Treatment planning imaging – Biopsy not possible (Practice Point)
For patients with a breast lesion where the results of conventional diagnostic imaging (mammography or tomosynthesis and ultrasound) are inconclusive but suspicious for the presence of breast cancer and biopsy has not been possible, consider the use of contrast mammography or magnetic resonance imaging (MRI).
How this guidance was developed
No evidence-based source recommendation was identified for this topic, which was considered an important aspect of care. This practice point was developed using an expert consensus process. Development of this guidance was informed by the introduction of MBS items for MRI for this indication. The MBS items refer to ‘conventional imaging’ which has been clarified as ‘mammography or tomosynthesis and ultrasound’.
Treatment planning imaging – MRI (Practice Point)
For patients with breast cancer where a discrepancy exists between clinical assessment and conventional diagnostic imaging (mammography or tomosynthesis and ultrasound), or there is a discrepancy in conventional imaging, consider the use of magnetic resonance imaging (MRI) if the results from this imaging are expected to alter treatment planning.
How this guidance was developed
No evidence-based source recommendation was identified for this topic, which was considered an important aspect of care. This practice point was developed using an expert consensus process. Development of this guidance was informed by the introduction of MBS items for MRI for this indication. The MBS items refer to ‘conventional imaging’ which has been clarified as ‘mammography or tomosynthesis and ultrasound’.
Treatment planning imaging – Lobular breast cancer (Practice Point)
Consider imaging with magnetic resonance imaging (MRI) or Contrast Enhanced Spectral Mammography (CESM) (where available) for patients with lobular breast cancer.
How this guidance was developed
No evidence-based source recommendation was identified for this topic, which was considered an important aspect of care. This practice point was developed using an expert consensus process.
Treatment planning imaging – PET (Practice Point)
For patients who are considered suitable for active treatment and in whom staging of locally advanced (stage III) breast cancer is required or there is a high index of suspected metastatic breast cancer, consider the use of 18F-FDG positron emission tomography (PET).

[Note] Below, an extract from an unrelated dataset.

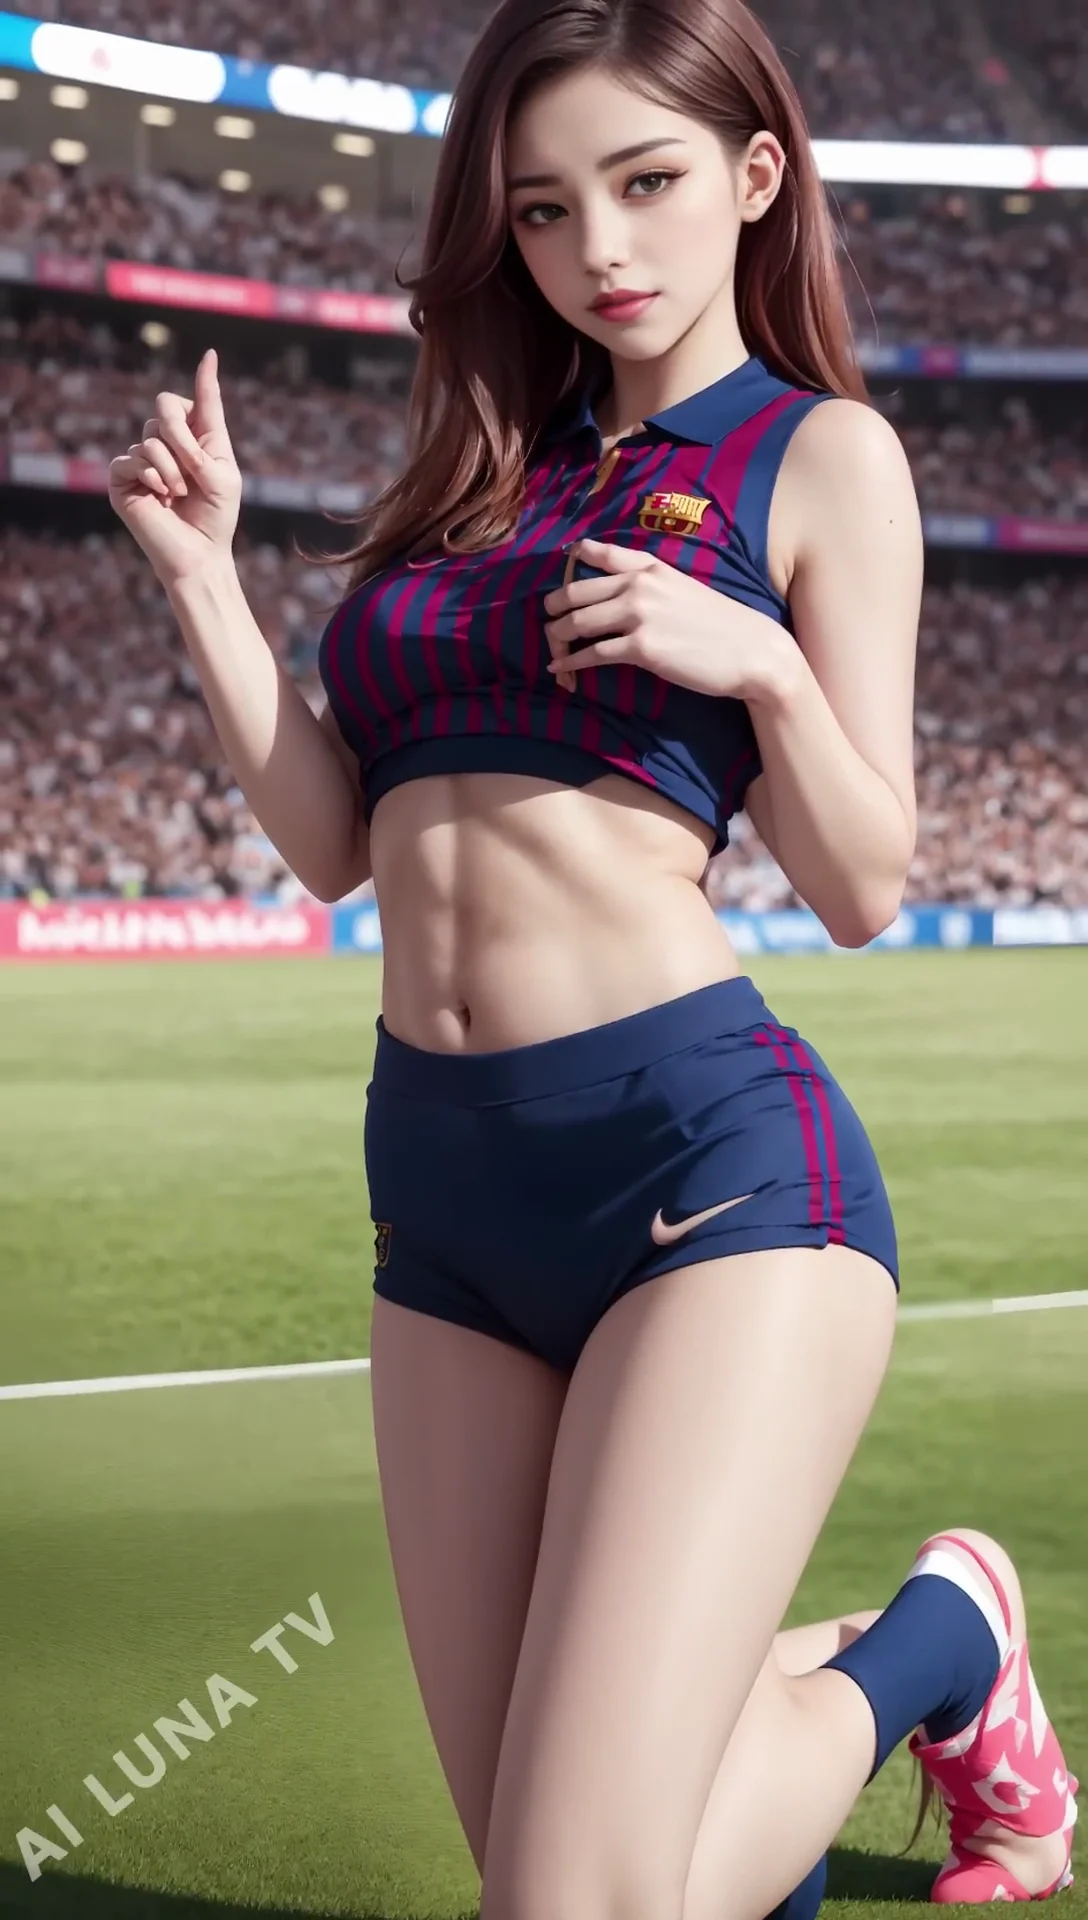 Ai Lookbook FC Barcelona Girl Images - 바르셀로나 걸스 팬 04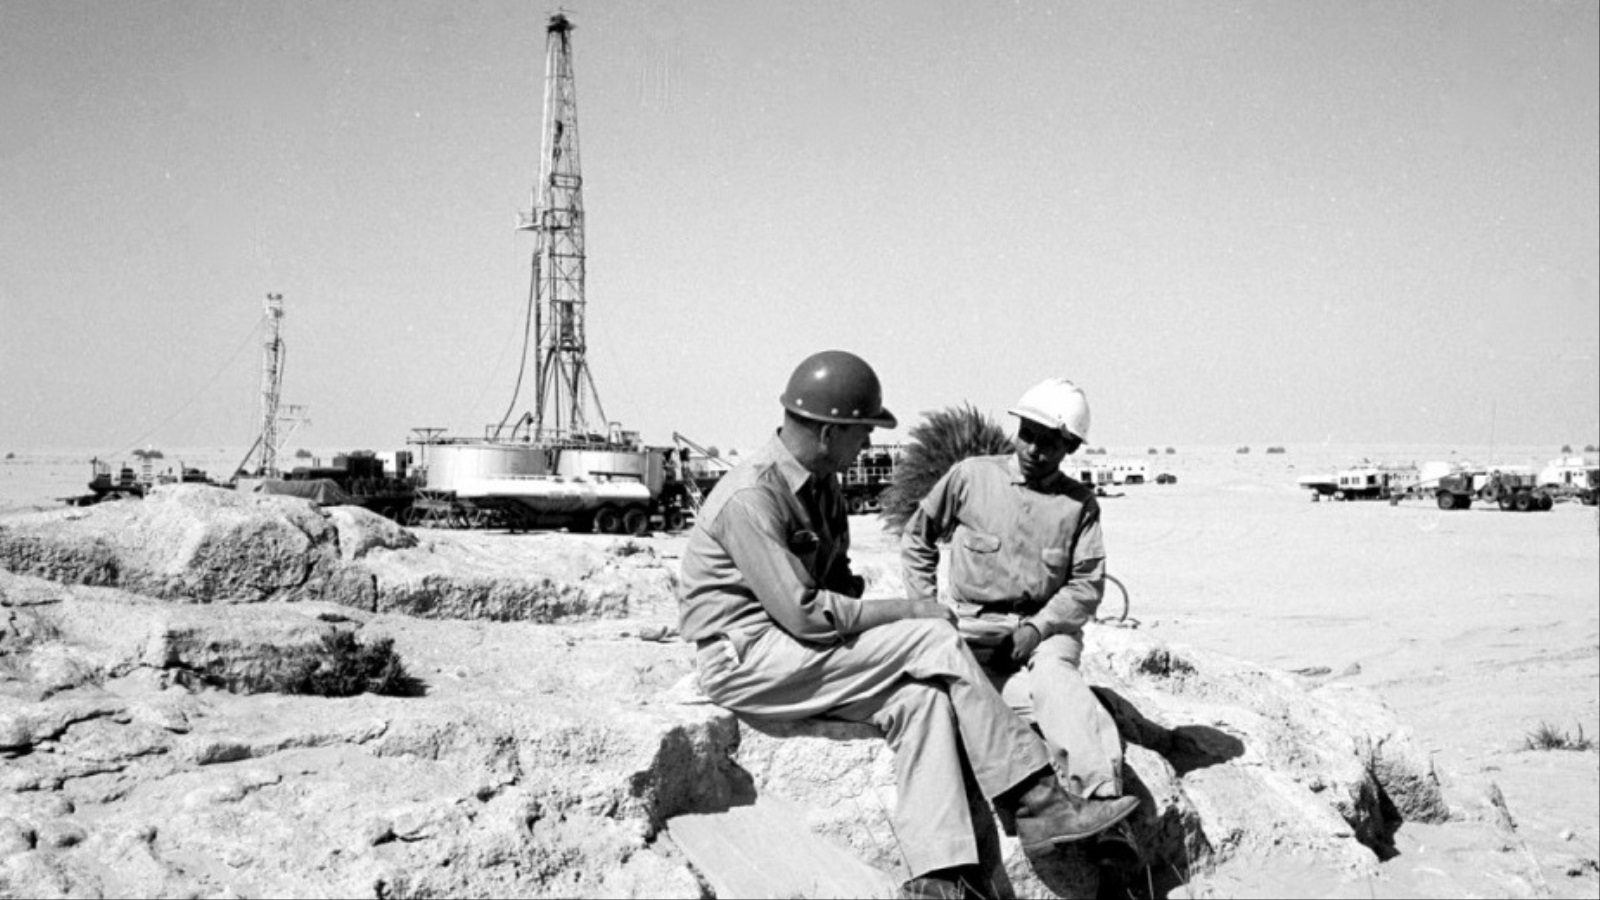 تسريب مشروع بريطاني سرّي للهجوم على المنشآت النفطية في الشرق الاوسط

How this guidance was developed
This practice point was developed using an expert consensus process informed by a potential source recommendation from KCE 2013 (Belgium) guideline (evidence review to January 2010) that was graded ‘Expert Opinion’. The practice point was also informed by the introduction of the MBS item for PET, which is restricted to patients with a high index of suspicion.
Reporting of pathology and imaging findings (Practice Point)
(a) Report breast pathology findings according to the Structured Reporting Protocols of the Royal College of Pathology Australia (RCPA);
(b) Report breast imaging findings according to the standards of the Royal Australian and New Zealand College of Radiologists (RANZCR), Faculty of Clinical Radiology.
How this guidance was developed
This practice point was developed using an expert consensus process informed by the evidence-based RCPA protocols.